Patch attached. Review appreciated, there might be consequences of moving the 
deletion of dependencies I didn't forsee.

Greetings,

Andres
-- 
 Andres Freund                     http://www.2ndQuadrant.com/
 PostgreSQL Development, 24x7 Support, Training & Services
From 8891fcd59496483793aecc21a096fc0119369e73 Mon Sep 17 00:00:00 2001
From: Andres Freund <and...@anarazel.de>
Date: Tue, 25 Sep 2012 01:41:29 +0200
Subject: [PATCH] Fix concurrency issues in concurrent index drops

Previously a DROP INDEX CONCURRENTLY started with unsetting indisvalid *and*
indisready. Thats problematic if some transaction is still looking at the index
and another transction makes changes. See the example below.
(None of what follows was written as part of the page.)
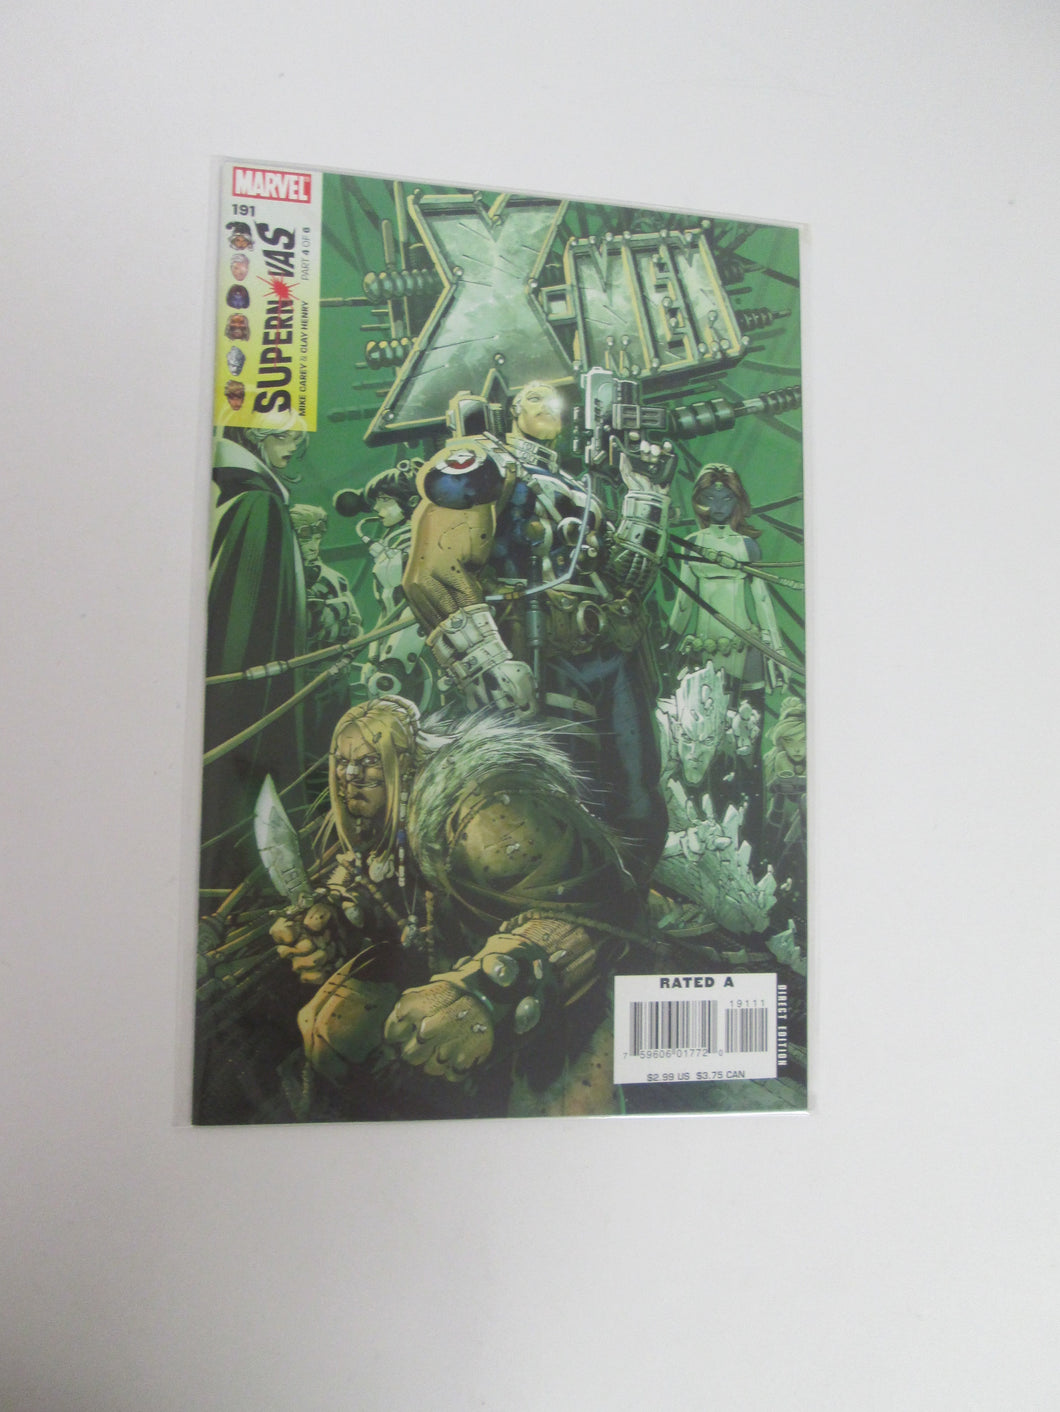 X-Men #191 (Marvel)

Now we do the drop in three stages, just as a concurrent index build. First
unset indivalid, wait, unset indisready, wait, drop index.

Example:

Session 1:
CREATE TABLE test_drop_concurrently(id serial primary key, data int);
INSERT INTO test_drop_concurrently(data) SELECT * FROM generate_series(1,
100000);
CREATE INDEX test_drop_concurrently_data ON test_drop_concurrently(data);
BEGIN;
EXPLAIN ANALYZE SELECT * FROM test_drop_concurrently WHERE data = 34343;
SELECT * FROM test_drop_concurrently WHERE data = 34343;
(1 row)

Session 2:
BEGIN;
SELECT * FROM test_drop_concurrently WHERE data = 34343;

Session 3:
DROP INDEX CONCURRENTLY test_drop_concurrently_data;
(in-progress)

Session 2:
INSERT INTO test_drop_concurrently(data) SELECT * FROM generate_series(1, 100000);
COMMIT;

Session 1:
SELECT * FROM test_drop_concurrently WHERE data = 34343;
(1 row)
SET enable_bitmapscan = false;
SET enable_indexscan = false;
SELECT * FROM test_drop_concurrently WHERE data = 34343;
(2 rows)
---
 src/backend/catalog/index.c | 99 ++++++++++++++++++++++++++++++++++++++-------
 1 file changed, 84 insertions(+), 15 deletions(-)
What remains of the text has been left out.